__Data section__:
++++

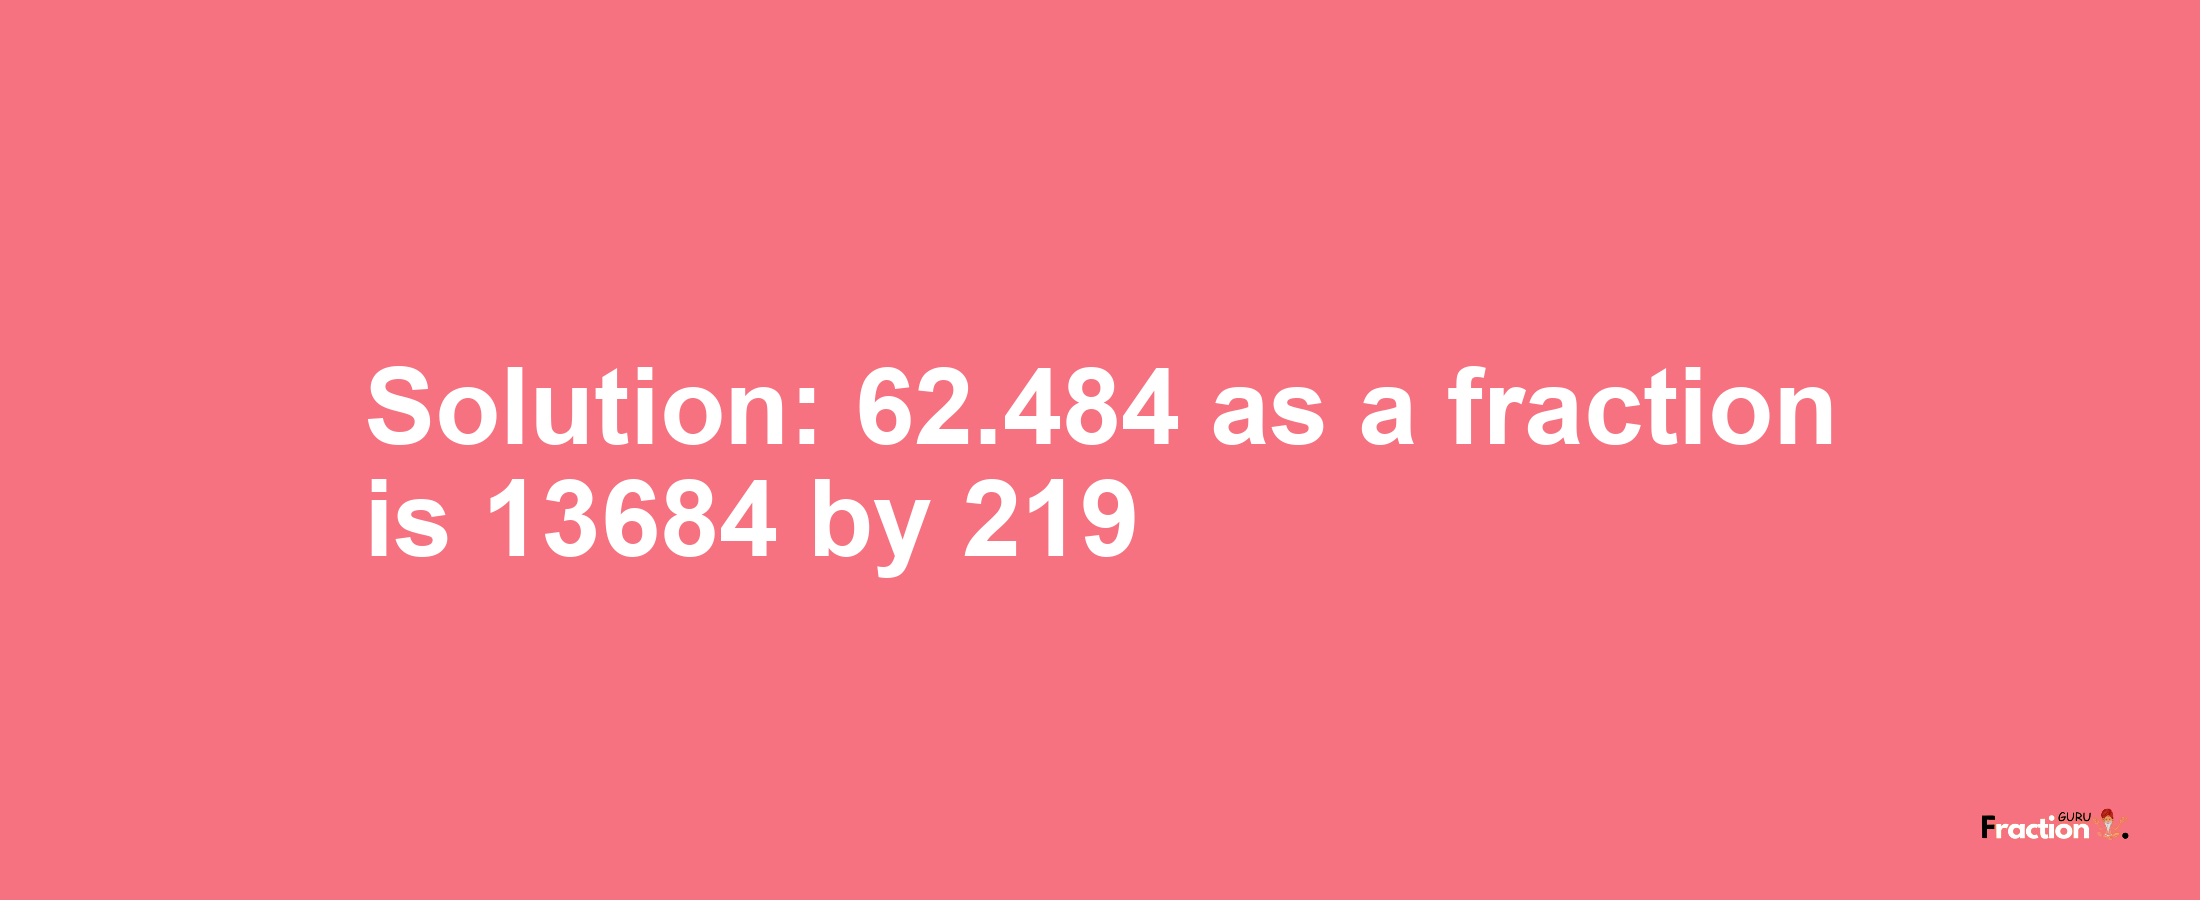 Solution:62.484 as a fraction is 13684/219
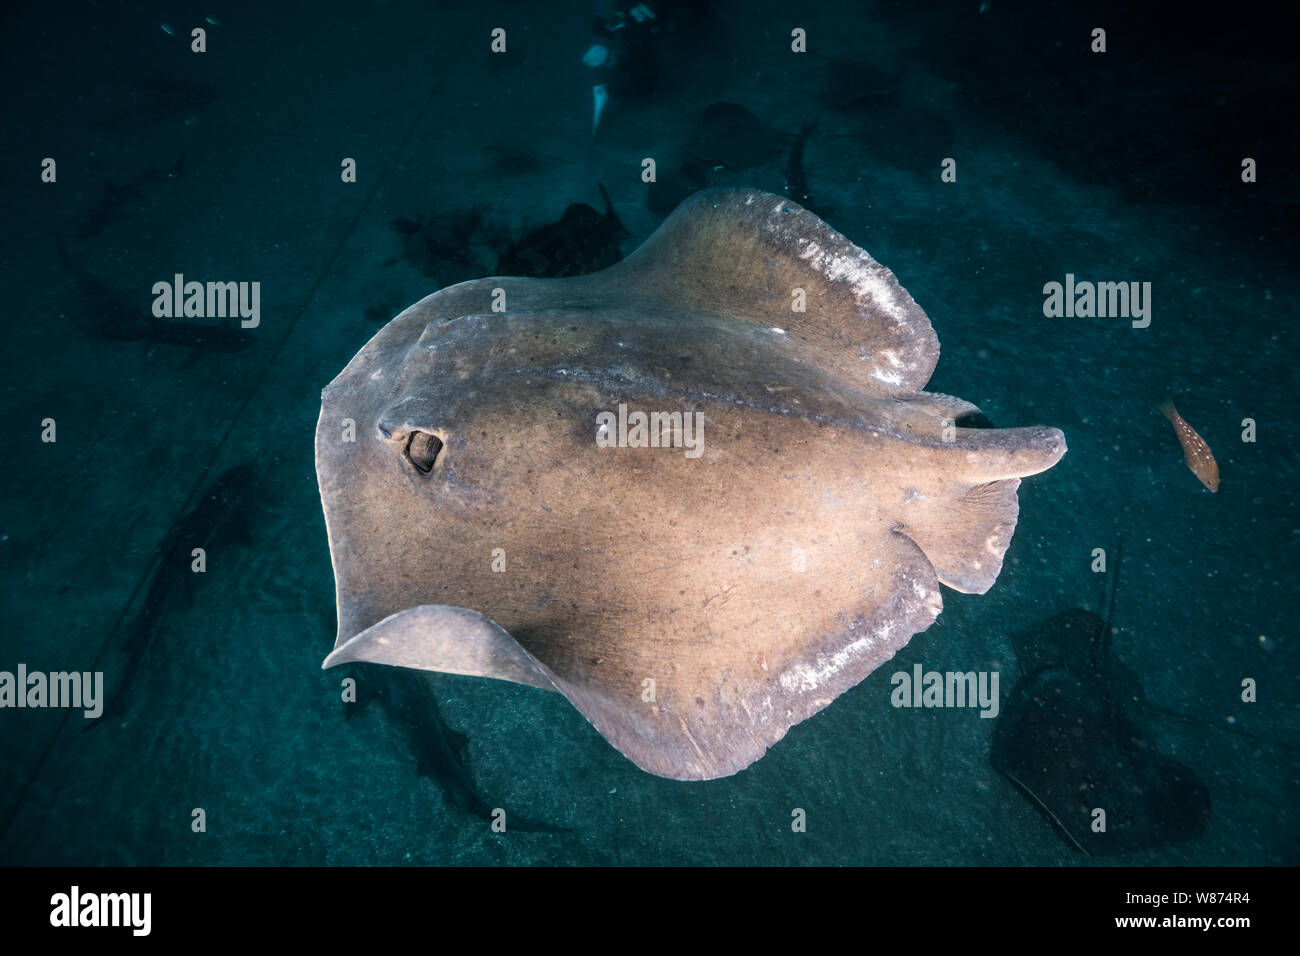 Japanese stingray is swimming over the rock reef. A high angle of view. Japan. Ito, Tateyama, Chiba, Japan Stock Photo
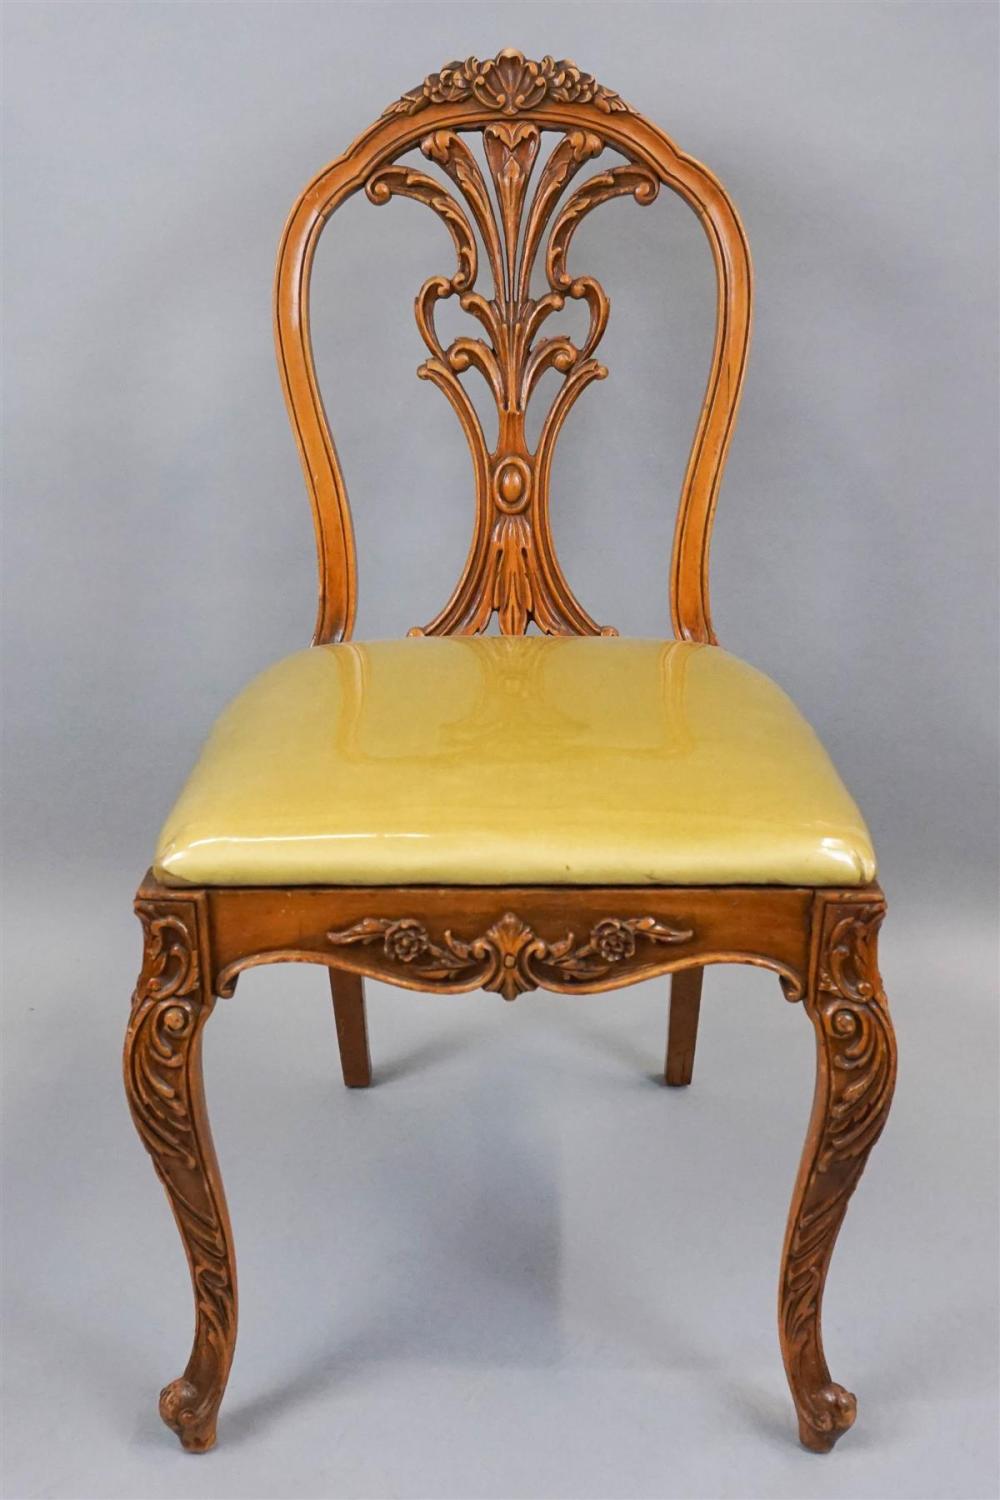 LOUIS XV STYLE CHAIR WITH LIME
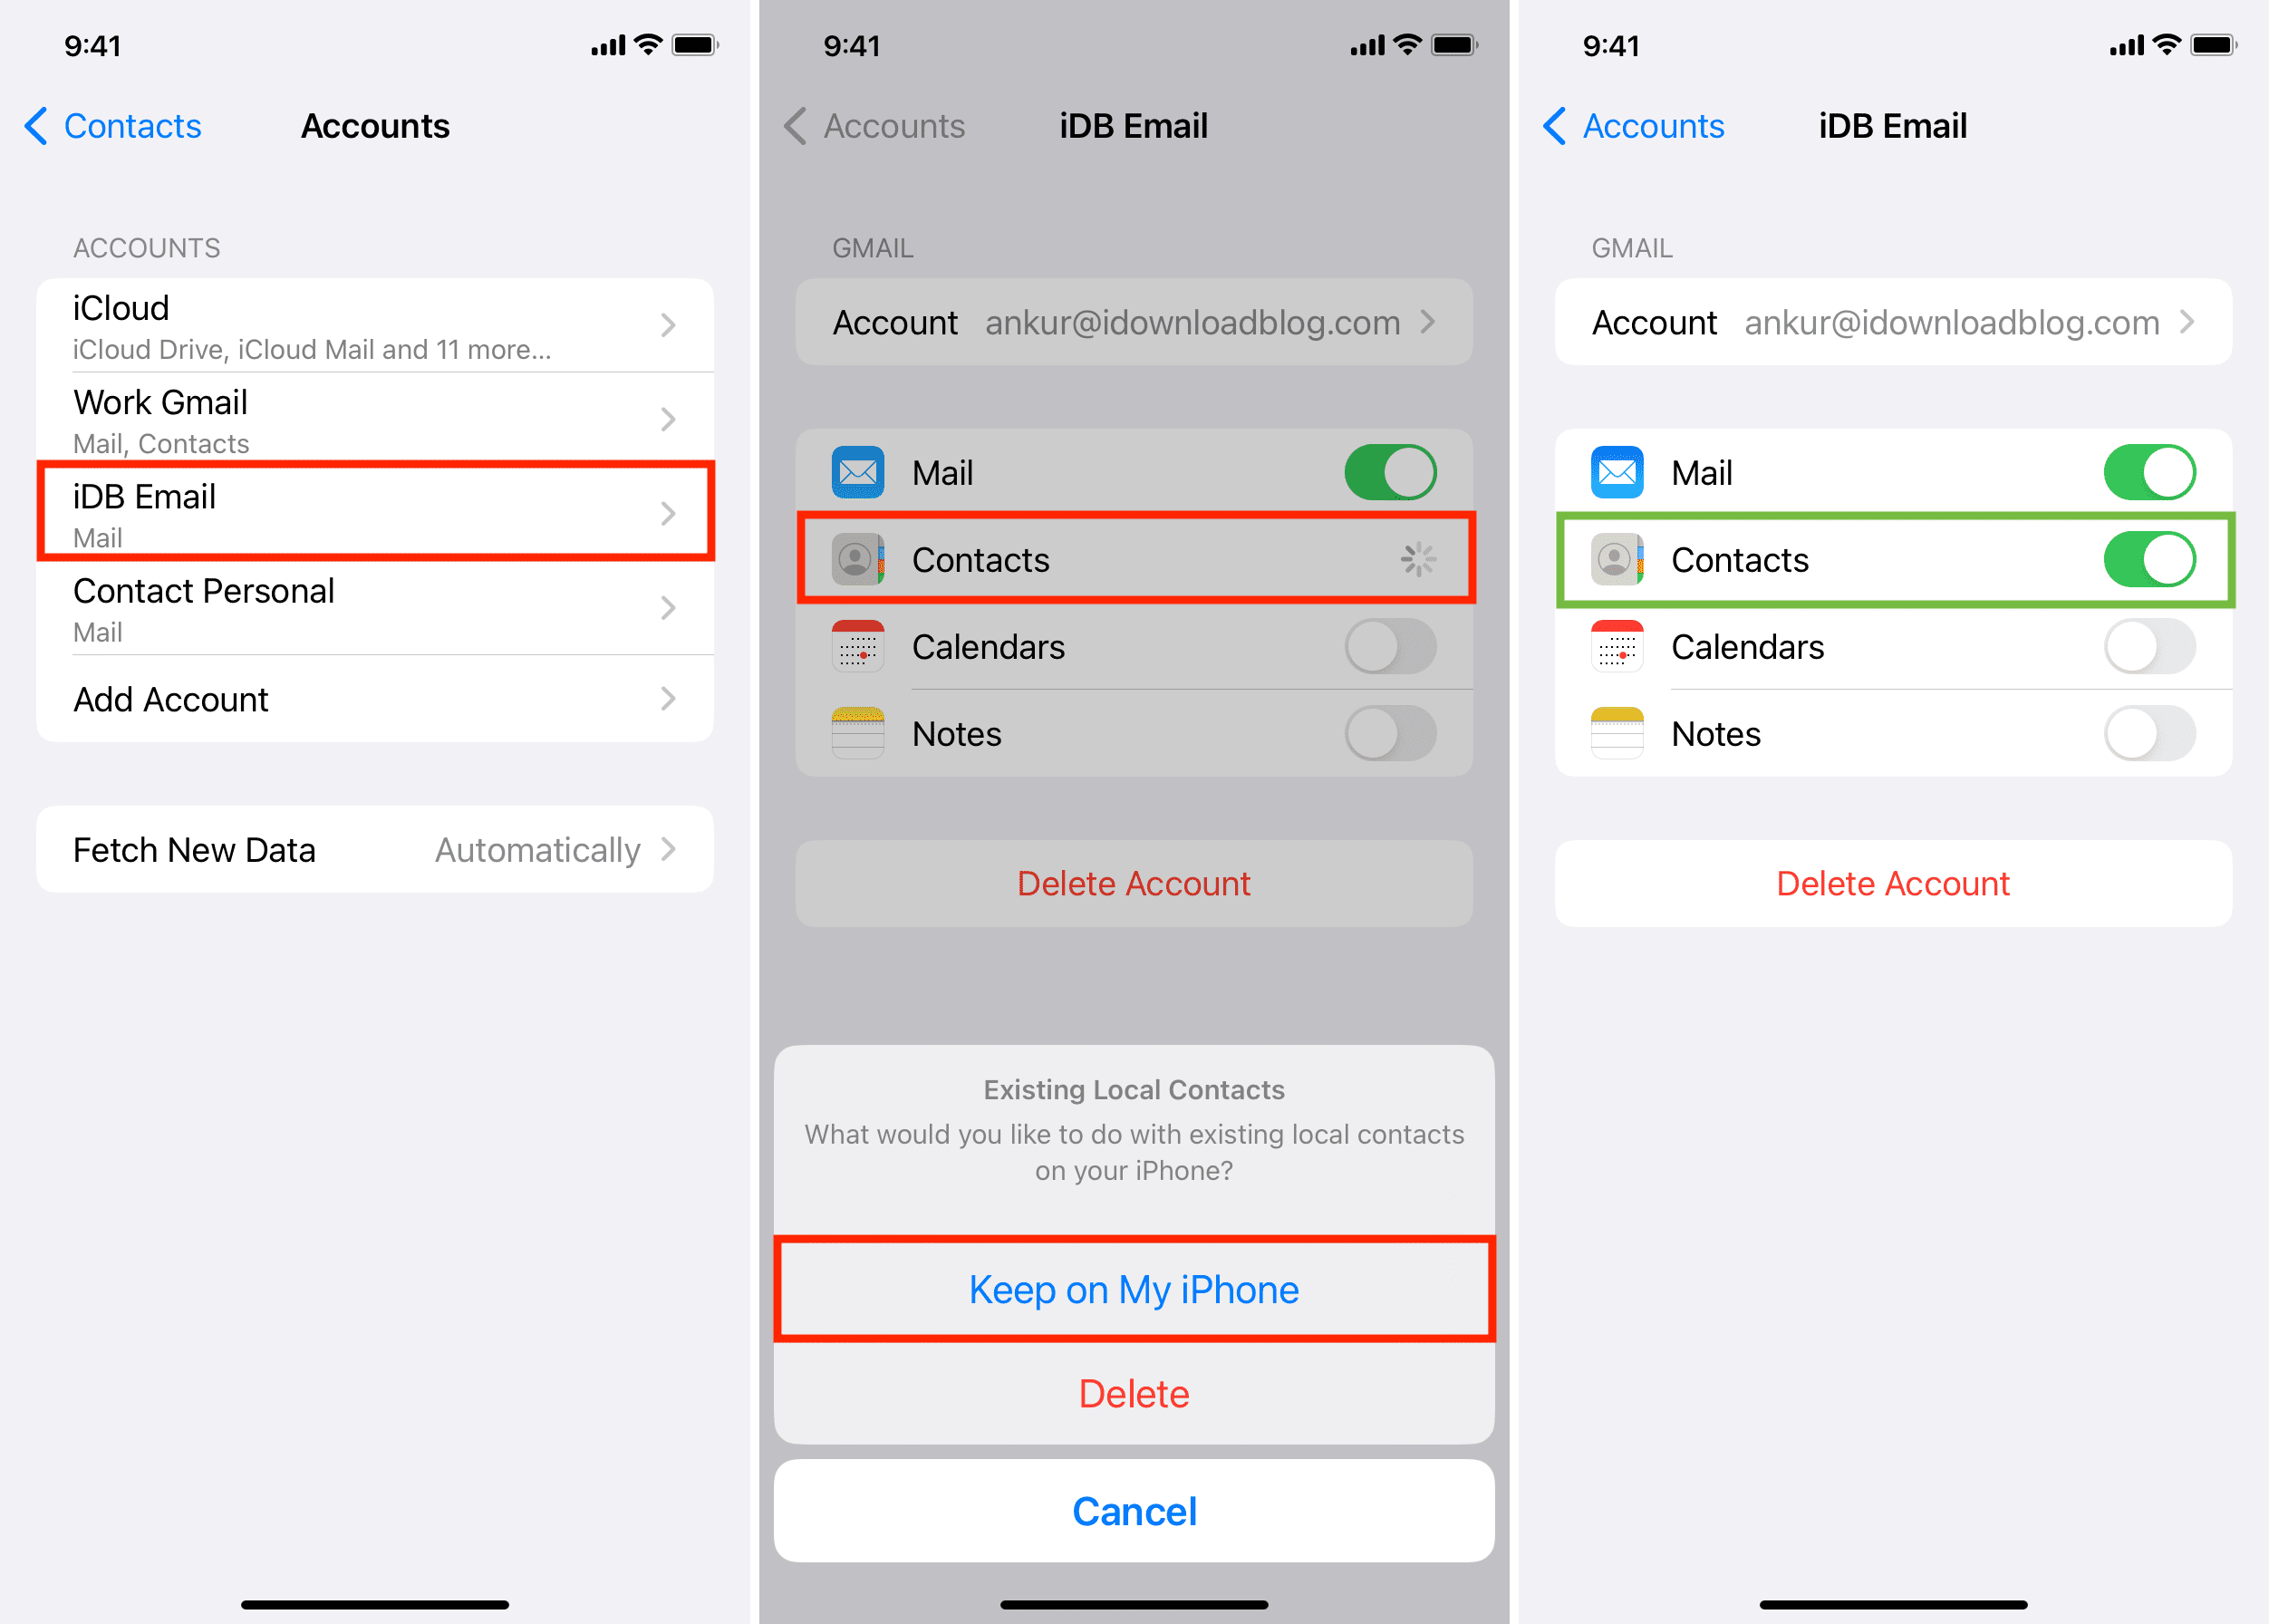 Enable Contacts and choose to Keep on My iPhone

++++

Please transcribe exactly the lines from the one containing "LOUIS XV STYLE CHAIR WITH LIME" through the final line of the data, including both, and nothing else. Pictures are to be left out.

__Output for this exercise__:
 LOUIS XV STYLE CHAIR WITH LIME
 Enable Contacts and choose to Keep on My iPhone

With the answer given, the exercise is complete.